Тем временем чесотка не на шутку стала донимать его. Он самозабвенно чесался.

Погодя, оставшись в кабинете один, «хозяин» нажал кнопку звонка. Вошел высокий смуглолицый помощник.

- Тысячу раз твердил вам - почаще проветривайте кабинет! Говорил или нет!

- Говорили.

- Дышать нечем.

Помощник обвел взглядом окна. Все форточки были открыты.

На улице был декабрь. Неяркое солнце встало над морем.

...Прокурор Селимов покинул здание под конвоем. Прежде чем войти в чрево «черного ворона», он, щурясь, взглянул на утреннее, родное и ласковое солнце.

Последние листья звенели на утреннем ветру. Безбрежная голубизна неба внушала умиротворение, далекая от суеты, темных тревог и страданий.

Еще одно утро пережил он, тягостное утро в череде дней, отпущенных судьбой. «Я еще живу на земле...».

Сколько еще осталось ему жить! Придет такой же солнечный погожий день - последний день жизни. А может, последняя ночь.

И все-таки, лучше утром... Пусть жизнь мерится утрами...


- Седой Зардушт,

Куда несется белый свет?

И почему во все века

За светом тьма влачится вслед?

- Страшится света черный мрак

В земных и неземных мирах.

Чьи руки в праведной крови -

Их ночью, тьмою назови.

Грядет восход - и тьма уйдет

И озарится небосвод,

И солнце - истина сама,

И с ним земная сгинет тьма!


Мамед зашел к младшему брату. Обычно веселый, приветливый, сейчас он был мрачен.

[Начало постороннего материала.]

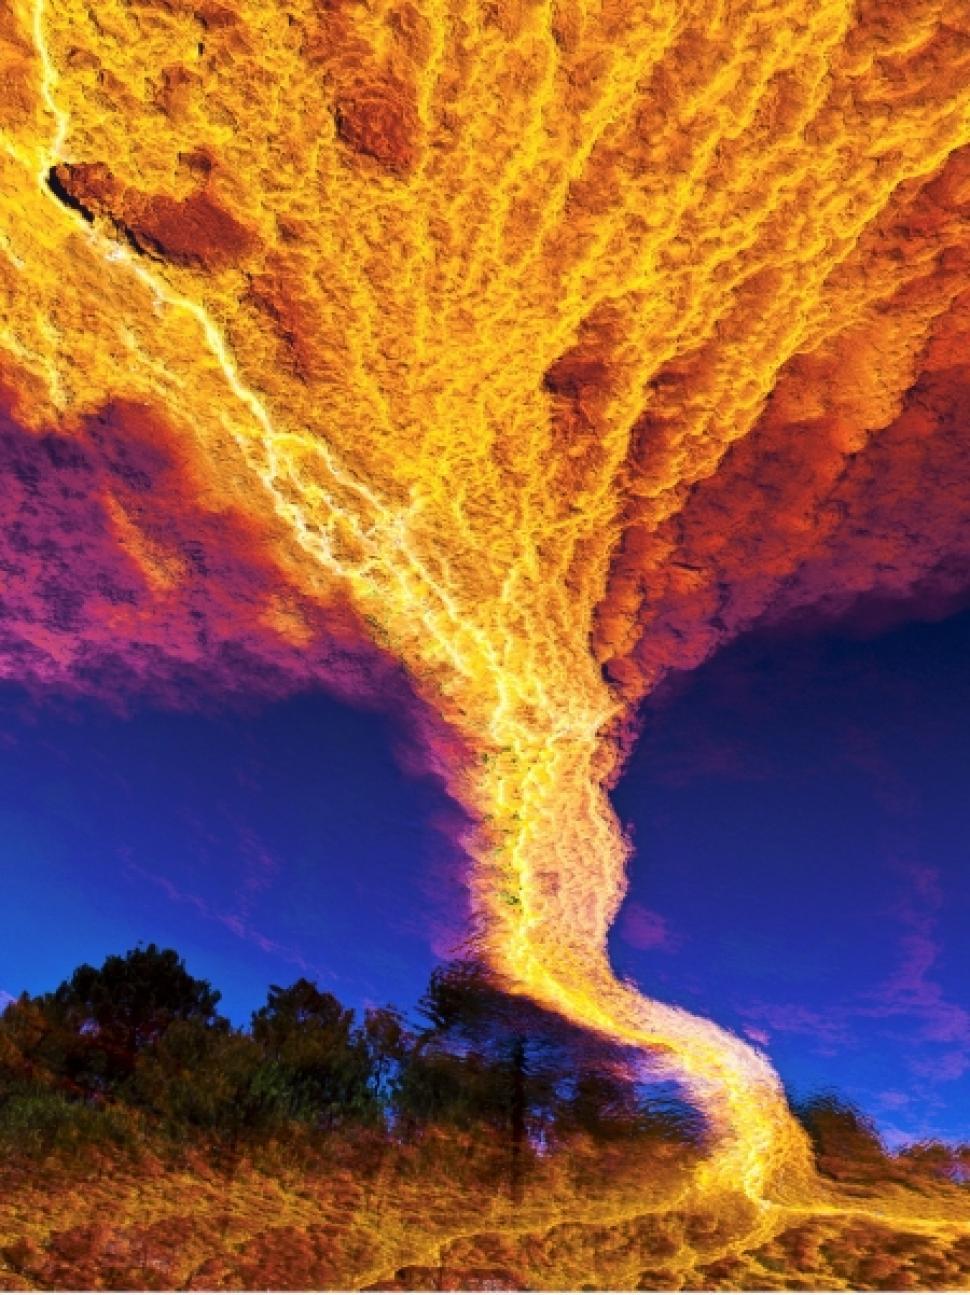 Photographer 'captures' tornado of fire in river bed. Rivers

Вечерело. Долгие тени легли на село.

- Не знаю, что и подумать, Ахад. Белолобый исчез из конюшни.

- Как это исчез?

- У Мехри-ана на привязи оставил. Пришел - вижу, нет.

- А куда он мог деться?

- Не знаю. Мехри с Хазаром в поле меня дожидаются. А казалах мой без тягла остался.

- Может, мне отправиться за ними. К сумеркам дотопаю.

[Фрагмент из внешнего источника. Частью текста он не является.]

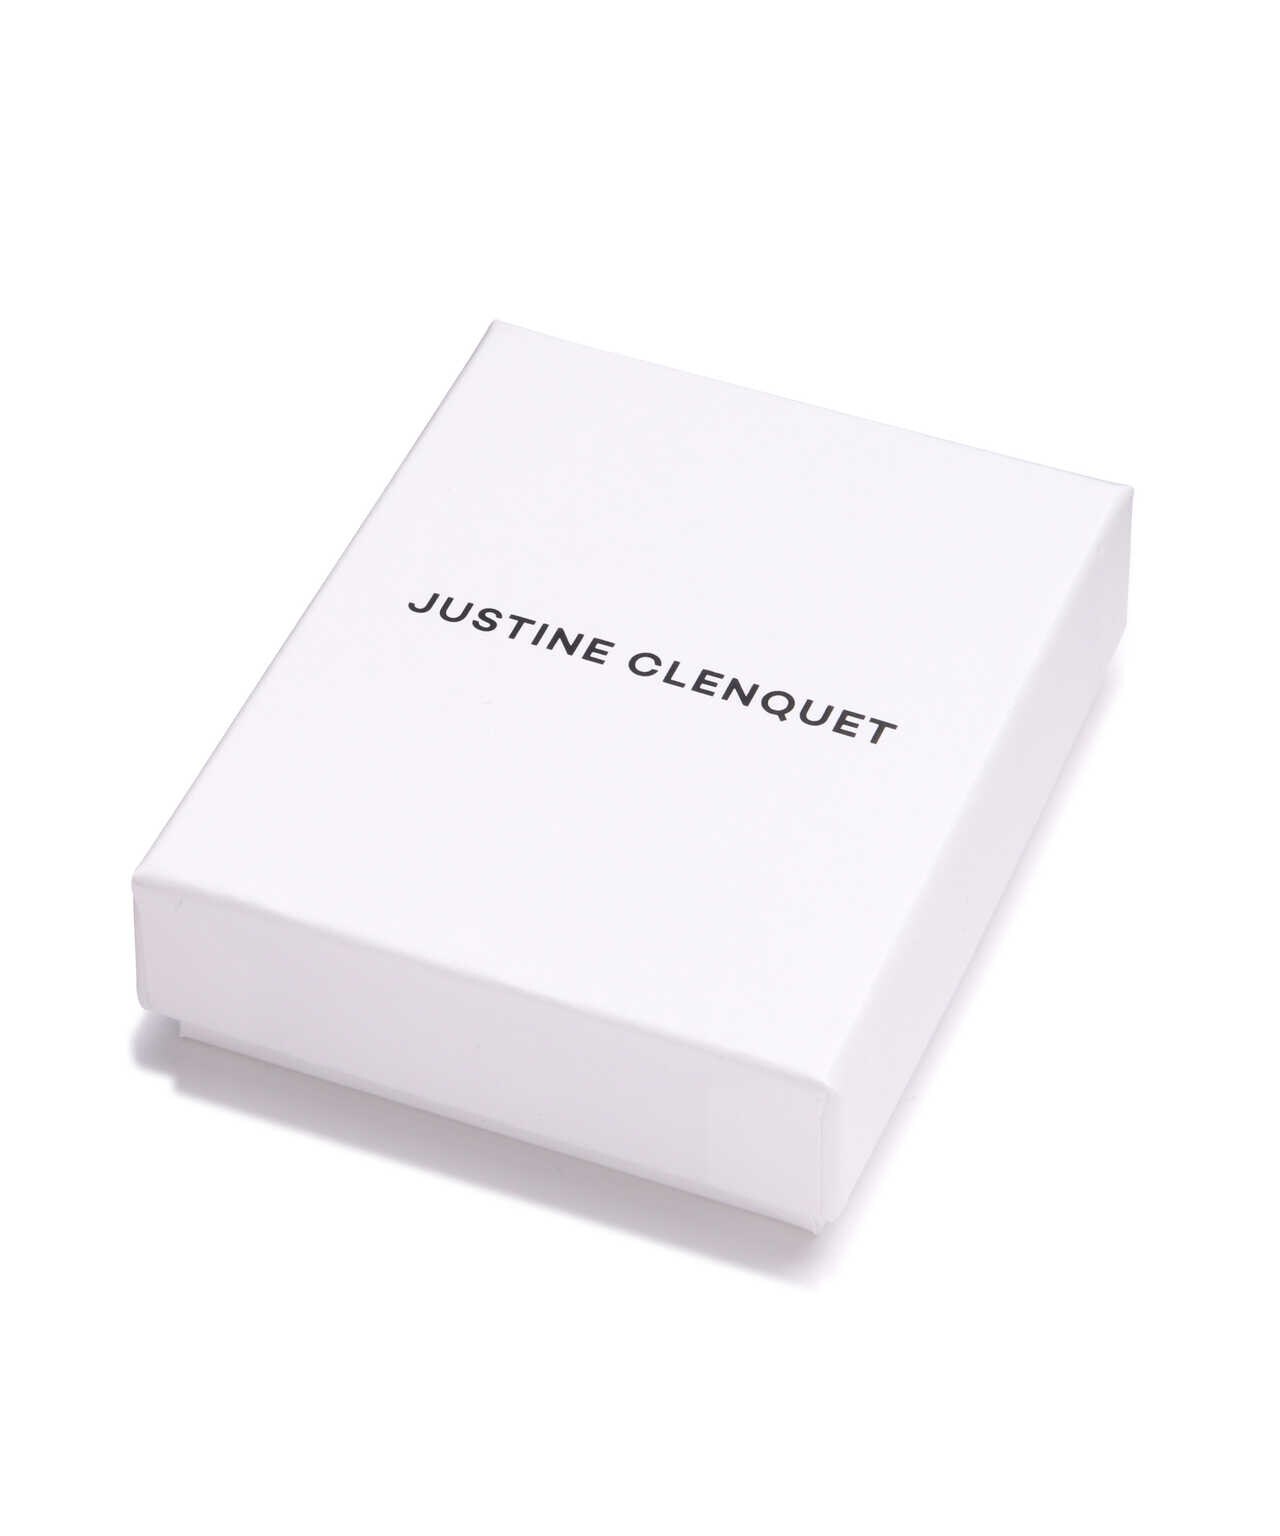 JUSTINE CLENQUET/ジュスティーヌ・クランケ/PASHA CLIP-ON EARRINGS

- Там, правда, и охотник Таги с семейством. Но все равно Мехри-ана встревожится. Ты давай сходи.

Ахад снял с гвоздя двустволку, прихватил патроны: «Может, дичь по пути попадется». До Ат-ялы - час ходу.

Дойдя до сельского кладбища на холме, он свернул налево - на тропу, вьющуюся между холмами, ведущую в сторону Бинагадов. По левую руку от нее тянутся нефтяные вышки, блестят лужи с мазутной пленкой, отражающие на темной маслянистой поверхности степное апшеронское небо с белесыми редкими облаками.

По другую сторону тропы булькали грязевые гейзеры, с тяжелым выдохом выплескивая мазутные и глиняные брызги вперемежку с паром.

Земля кипела, земля дышала. Поднеси огонь - вспыхнет, заполыхает.

Впереди вздымался Янар-даг. Серо-голубые застывшие грязевые волны на склонах сообщали о давнишнем извержении. Булькающие гейзеры - маленькие детища Янар-дага, денно и нощно напоминающие об огненном лоне, пылающих недрах апшеронской земли.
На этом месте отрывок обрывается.